═════ EXCERPTED DATA

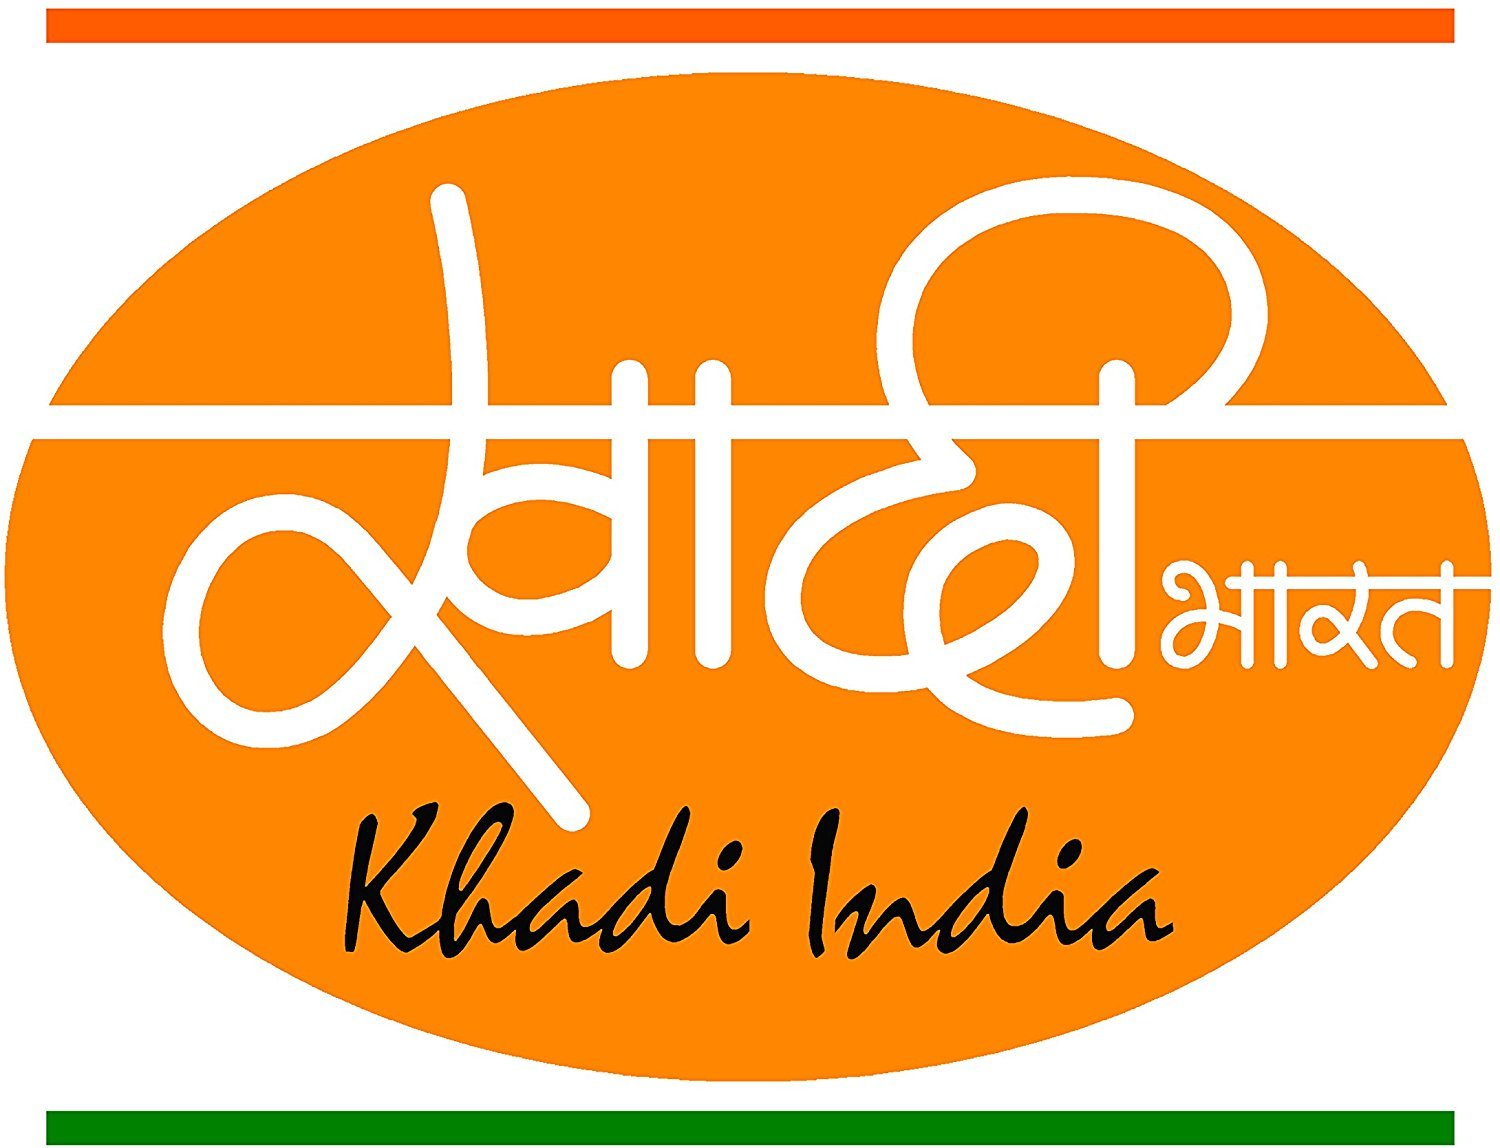 KHadi India
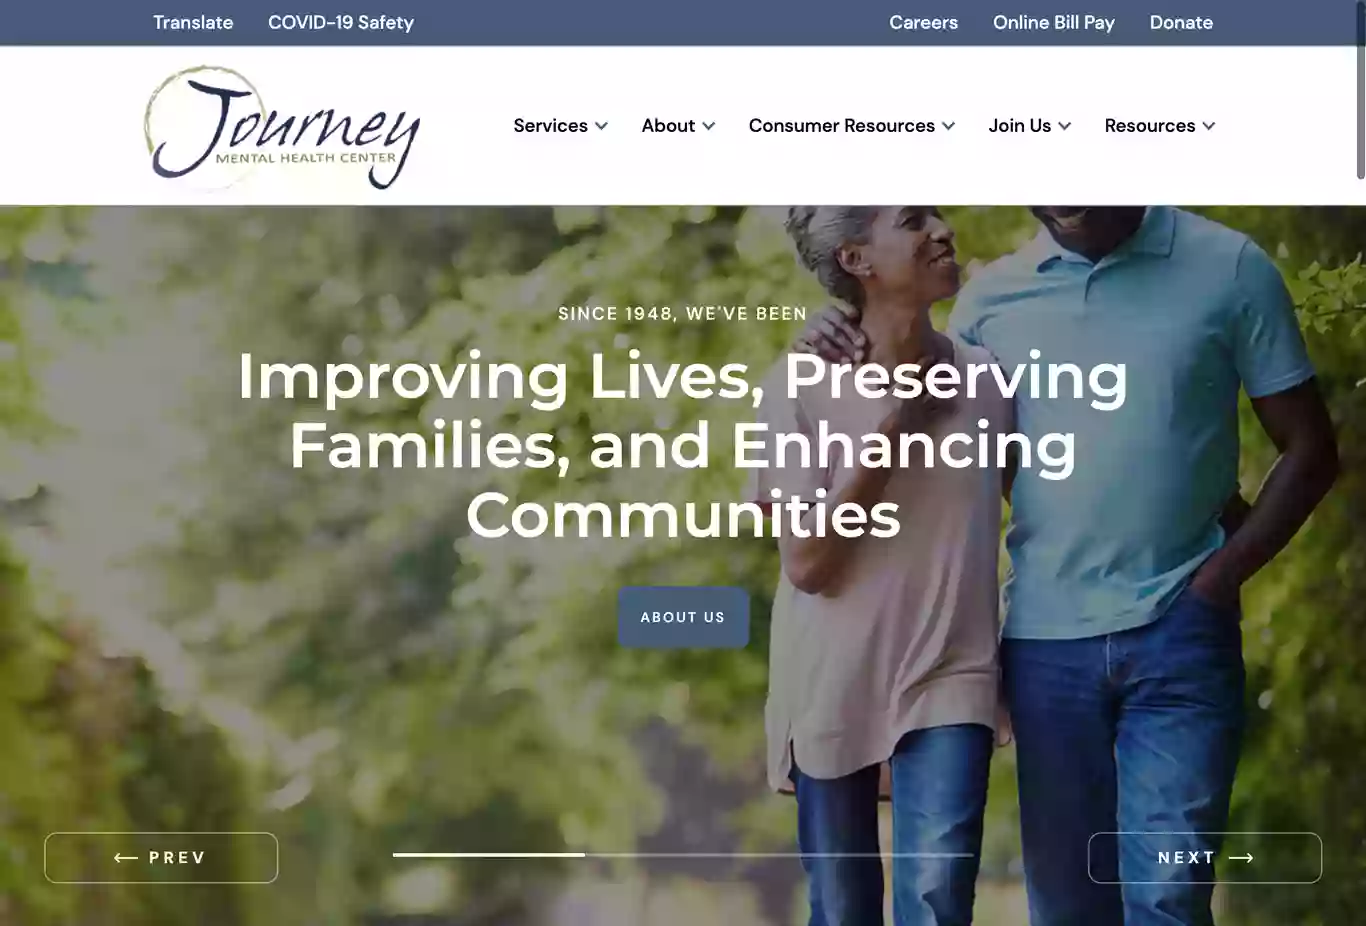 Community Treatment Alternatives, a program of Journey Mental Health Center
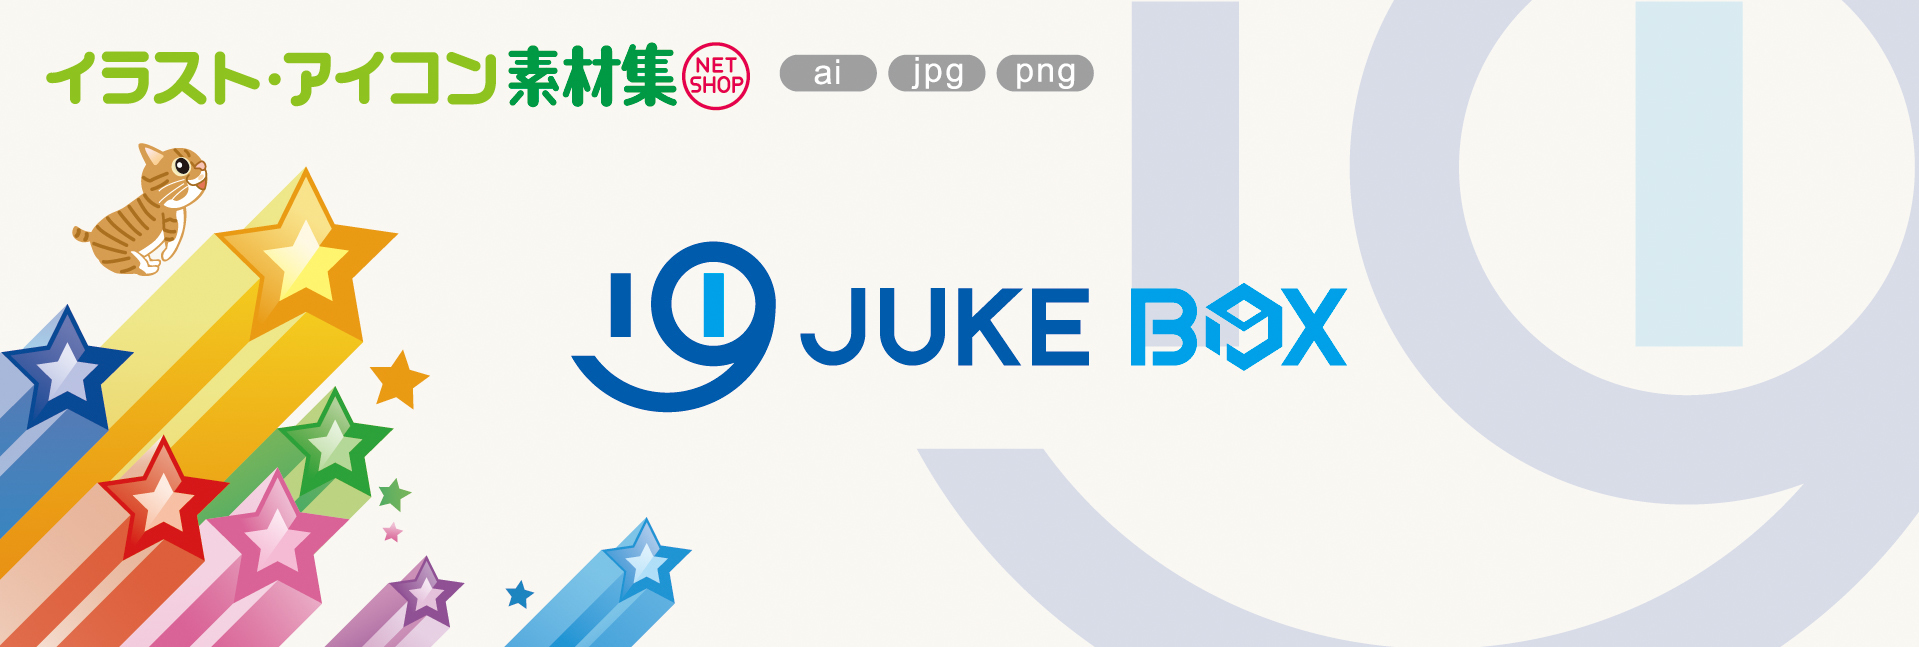 JUKEBOX イラスト素材集NET SHOP ～商用利用可能な使えるベクターイラスト素材集～
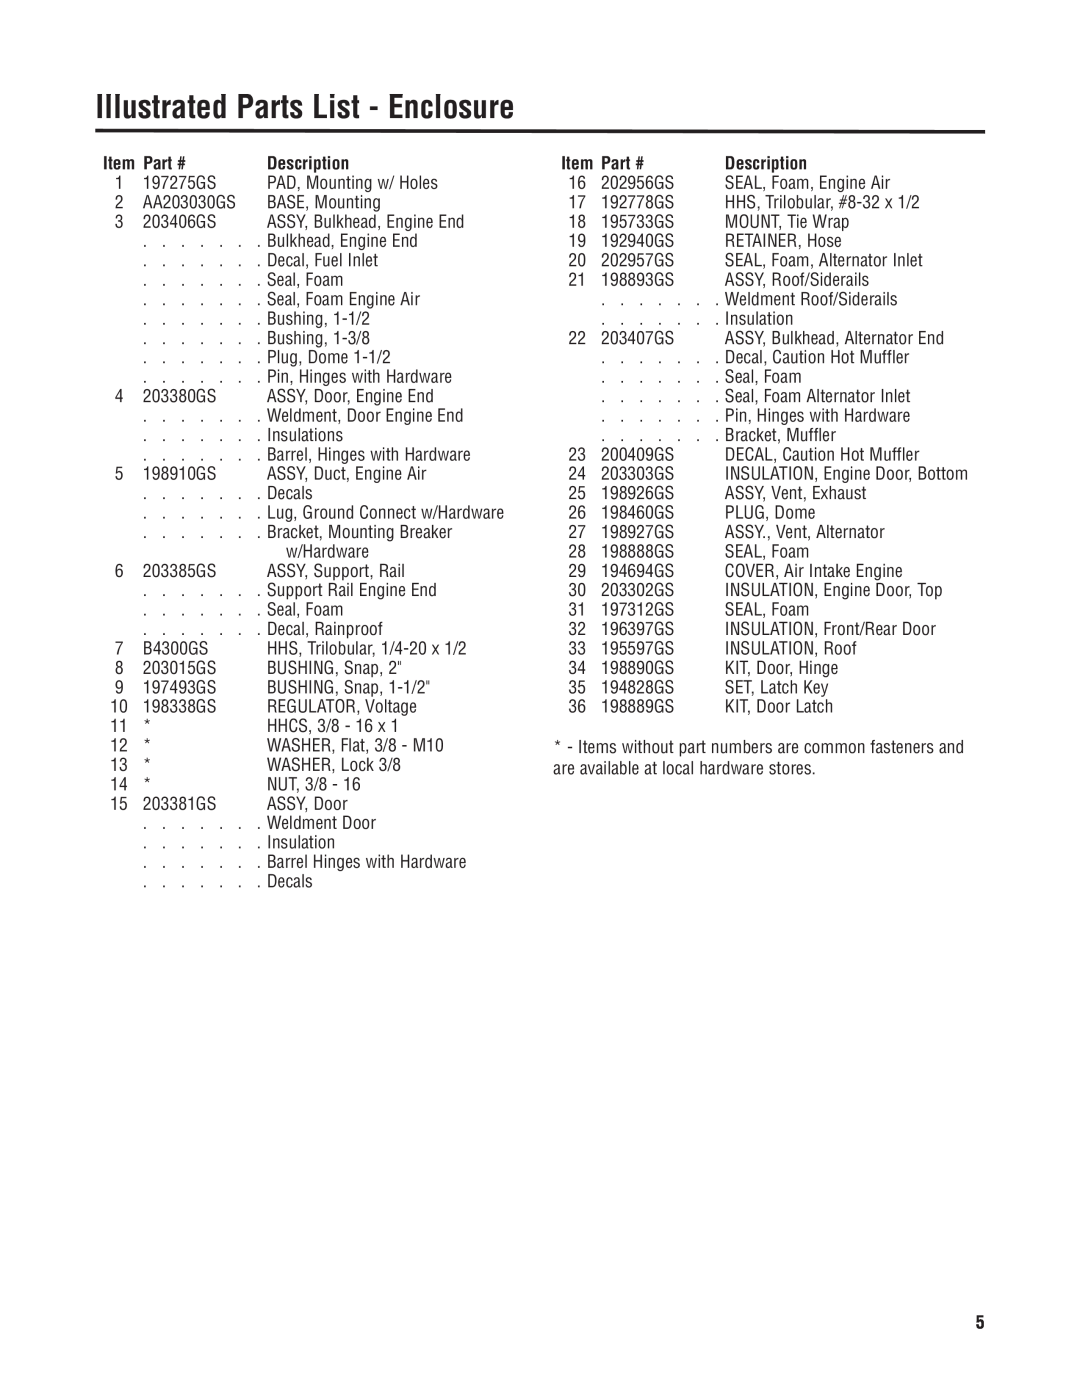 Briggs & Stratton 40276 manual Illustrated Parts List - Enclosure, Description 
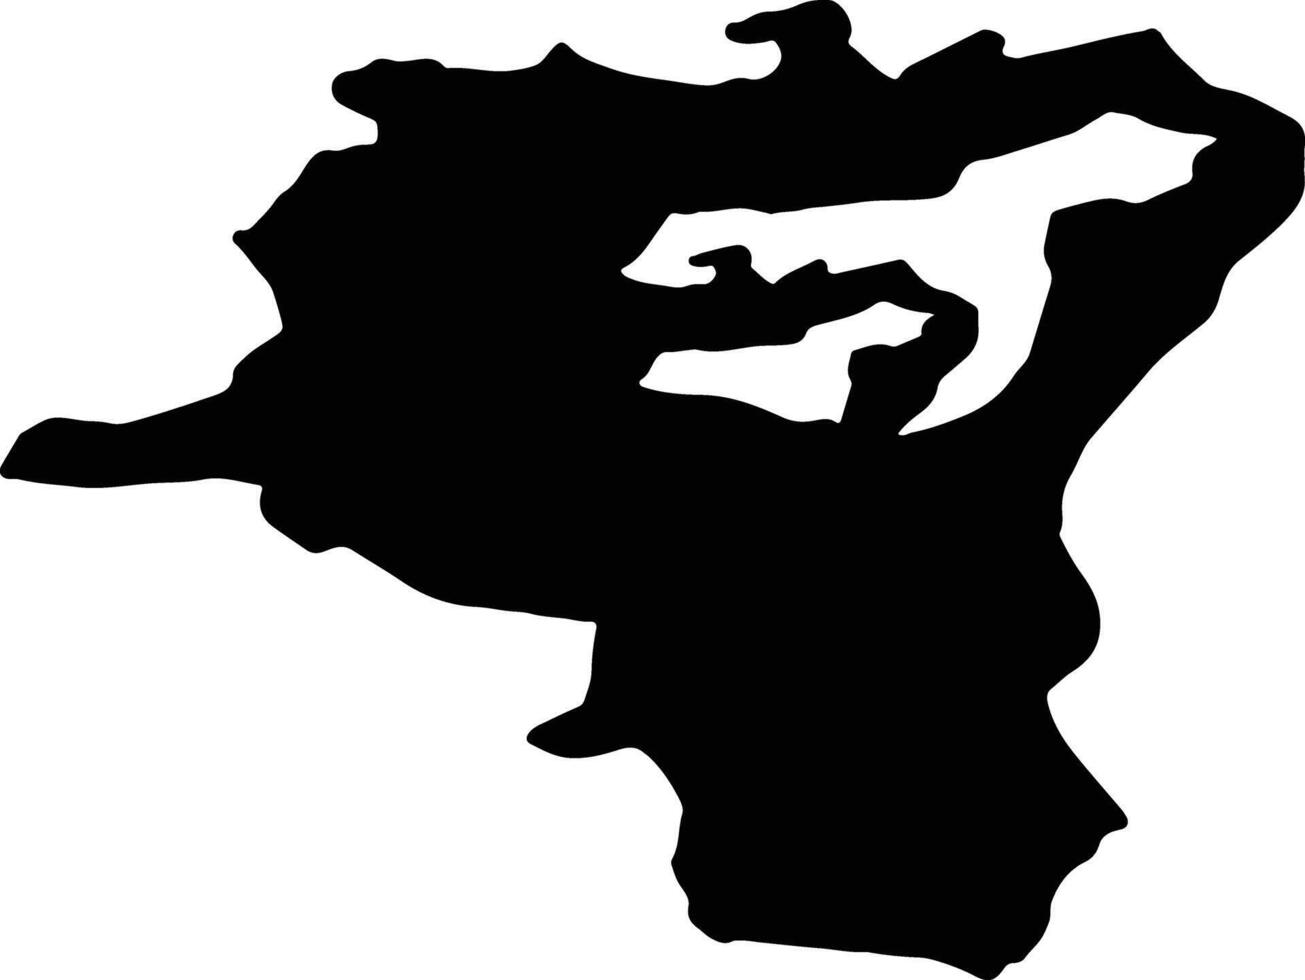 sankt gallen Svizzera silhouette carta geografica vettore
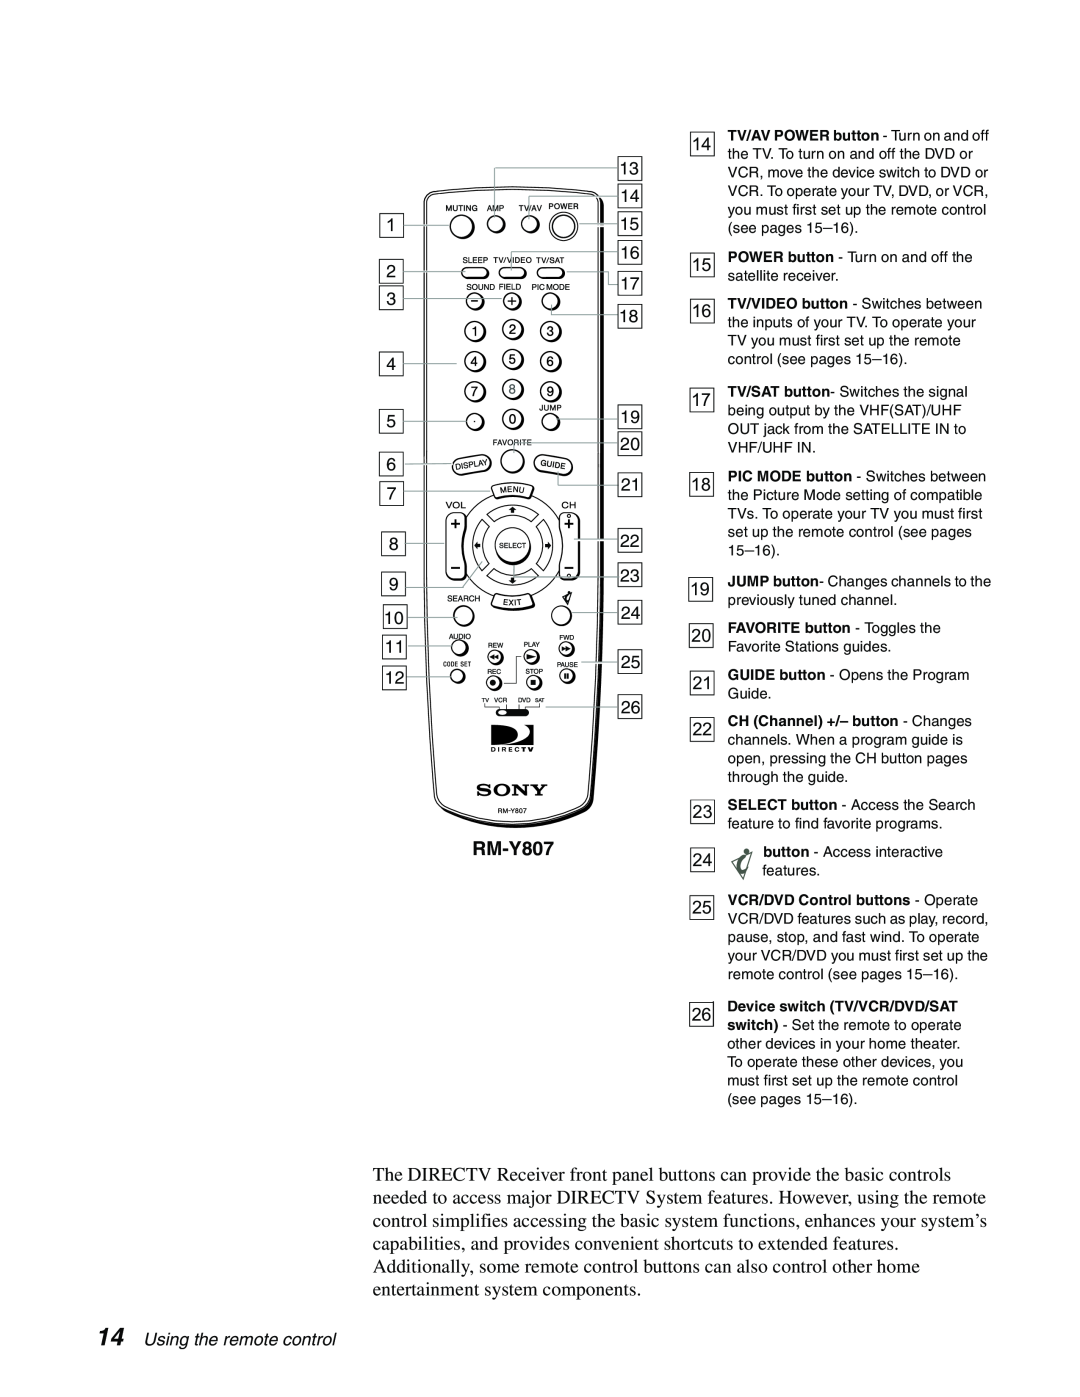 Sony SAT-A65, SAT-B65 manual RM-Y807, Using the remote control

══════════

_DIRECTIONS_.
Do not include images; quote all of the entries above exactly.

_WRITTEN ANSWER_.
 KHadi India
 Community Treatment Alternatives, a program of Journey Mental Health Center
 JUKEBOX イラスト素材集NET SHOP ～商用利用可能な使えるベクターイラスト素材集～
 Briggs & Stratton 40276 manual Illustrated Parts List - Enclosure, Description 
 sankt gallen Svizzera silhouette carta geografica vettore
 Sony SAT-A65, SAT-B65 manual RM-Y807, Using the remote control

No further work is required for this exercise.